Honey is hydroscopic. It pulls water away from an infected wound by osmosis. Dryer wounds heal faster. But there’s more to it: honey also pulls lymph fluid to the wound, making for a balanced healing environment. It also has a low pH of between 3 and 4, making it acidic. Bacteria thrive in neutral or slightly alkaline environments. If you have a non-healing wound, try honey. It’s a “good” acid.

In addition, honey contains phytochemicals important for health. Carotenoids, phytosterols, phenolics, peptides, and other plant chemicals are found in honey. All of these are important for human health and many have healing properties. Many also signal the body’s immune cells to release active immune regulating substances called cytokines. Certain cytokines have anti-inflammatory activity.

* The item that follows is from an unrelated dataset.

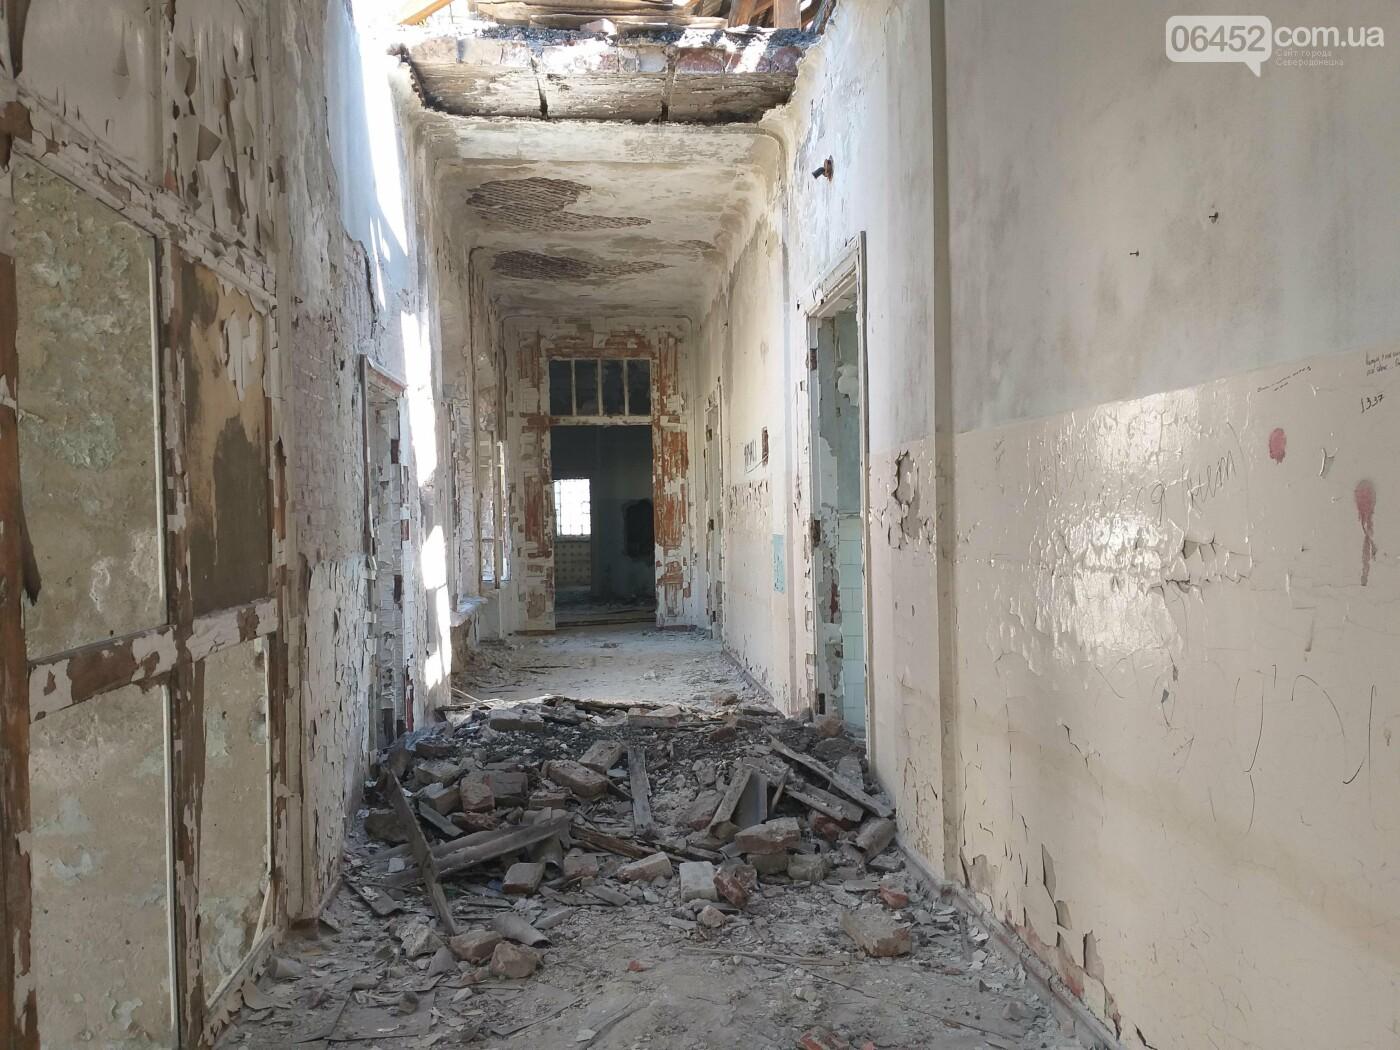 На Луганщине горело Бельгийское наследие. Какая ситуация сейчас (фото, видео), фото-17

Some wild honeys have been tested for anti-tumor activity. Honey can also induce detoxification enzymes that protect against cancer and cardiovascular disease. Many honey phytochemicals exert a synergistic antioxidant effect.

Calories and honey

Nutrition facts for 1 cup honey:

  • Calories: 1031 (1 tablespoon is 64 cal)
  • Total Carbonhydrate: 279 g (1 tablespoon is 17 g)
  • Protein: 1 g
  • Cholesterol: 0 mg
  • Fiber: 1 g
  • Sugars: 278 g (1 tablespoon is 16 g)
  • Honey has a healthy Glycemic Index (GI), meaning that its sugars can be gradually absorbed into the bloodstream to result in better digestion. We should try to avoid eating excessive high-glycemic foods which would prompt an elevated insulin release in our body as a result of the pancreas being stimulated to metabolize the sudden surge of glucose into the blood.

Minerals in 1 cup honey:

  • Calcium 20,3 mg
  • Iron 1,4 mg
  • Magnesium 6,8 mg
  • Phosphorus 13,6 mg
  • Potassium 176 mg
  • Sodium 13, 6 mg
  • Zinc 0,7 mg
  • Copper 0,1 mg
  • Manganese 0,3 mg
  • Selenium 2,7 mcg
  • Fluoride 23,7 mcg

Can Diabetics Eat Honey?

Honey is a "no-no" for diabetics if you ask the doctor. Honey is a healthier choice in the diabetic diet than any other non-nutritive sweeteners.